Query from any project to search 60k+ functions across all three codebases.

```bash
# Build index in each project first (one-time setup)
cd ~/src/aprender && pmat query "init" --rebuild-index --limit 1
cd ~/src/trueno && pmat query "init" --rebuild-index --limit 1
cd ~/src/realizar && pmat query "init" --rebuild-index --limit 1

# Now query from any project - siblings auto-merge
pmat query "matrix multiplication" --limit 5
```

### Output Formats

- Default (text): Human-readable with signatures and metrics
- `--format json`: For parsing/scripting
- `--format markdown`: For documentation
- `--include-source`: Include full source code in results

### Quick Reference

```bash
pmat query "<intent>"                    # Basic search
pmat query "<intent>" --rank-by pagerank # Most important functions
pmat query "<intent>" --format json      # Machine-readable
pmat query "<intent>" --include-source   # Include full source code
pmat query "<intent>" --exclude-tests    # Skip test functions

# Git history search (find code by commit intent via RRF fusion)
pmat query "fix serialization" -G
pmat query "apr format" --git-history

# Enrichment flags (combine freely)
pmat query "ml algorithm" --churn                  # git volatility (commit count, churn score)
pmat query "tensor operation" --duplicates          # code clone detection (MinHash+LSH)
pmat query "loss function" --entropy                # pattern diversity (repetitive vs unique)
pmat query "model training" --churn --duplicates --entropy --faults -G  # full audit
```

### Coverage-Guided Search (pmat 3.0.0+)

**Use `pmat query --coverage` to find untested code.

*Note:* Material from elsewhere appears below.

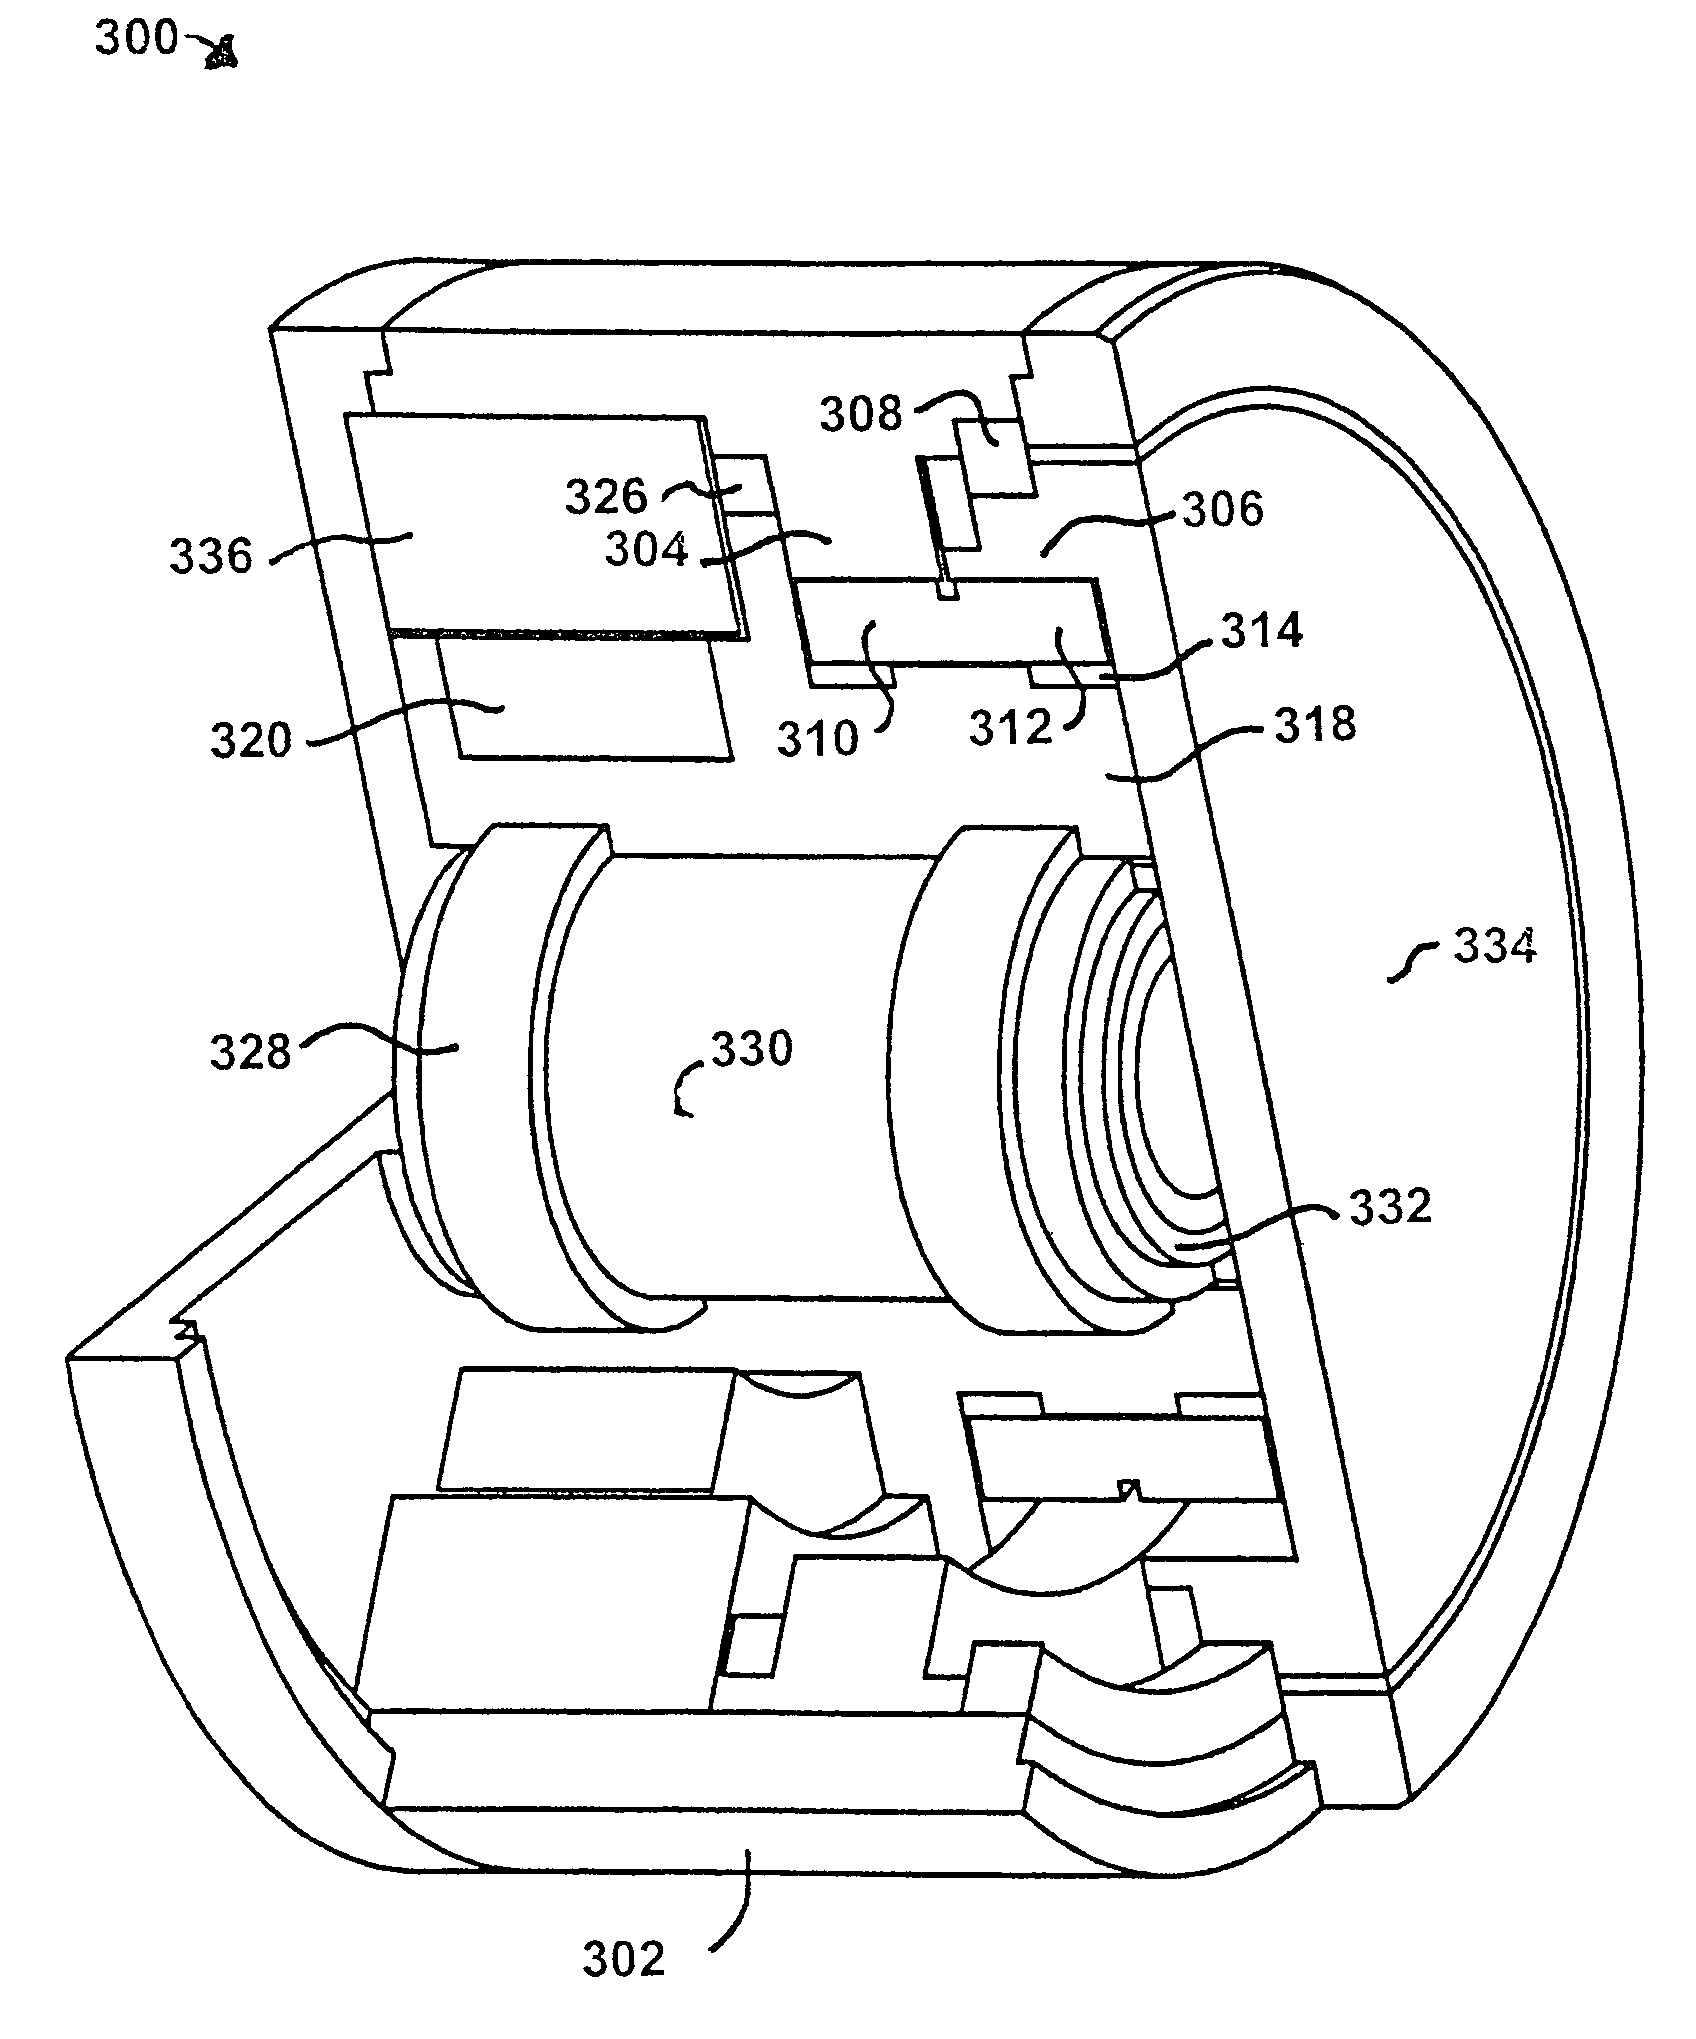 Standardized rotary actuator

NEVER parse coverage JSON manually.**

```bash
# Find top uncovered functions (no query needed)
pmat query --coverage-gaps

# Find uncovered functions matching a semantic query
pmat query "error handling" --coverage --uncovered-only

# Use pre-existing coverage data (avoids re-running cargo llvm-cov)
pmat query --coverage-gaps --coverage-file /path/to/coverage.json

# Coverage auto-detection: runs `cargo llvm-cov report --json` automatically
# Prerequisite: run `cargo llvm-cov test --lib --no-report` first to generate data
```

**Workflow for coverage improvement:**
1. `cargo llvm-cov test --lib --no-report` — generate coverage data
2. `pmat query --coverage-gaps` — find top uncovered functions
3. Write tests targeting those functions
4. `make coverage` — verify improvement

## Stack Documentation Search

```bash
batuta oracle --rag "your question here"    # Search entire Sovereign AI Stack
batuta oracle --rag-index                   # Reindex (335 docs)
```

Use proactively for trueno SIMD patterns, cross-language equivalents, and stack best practices.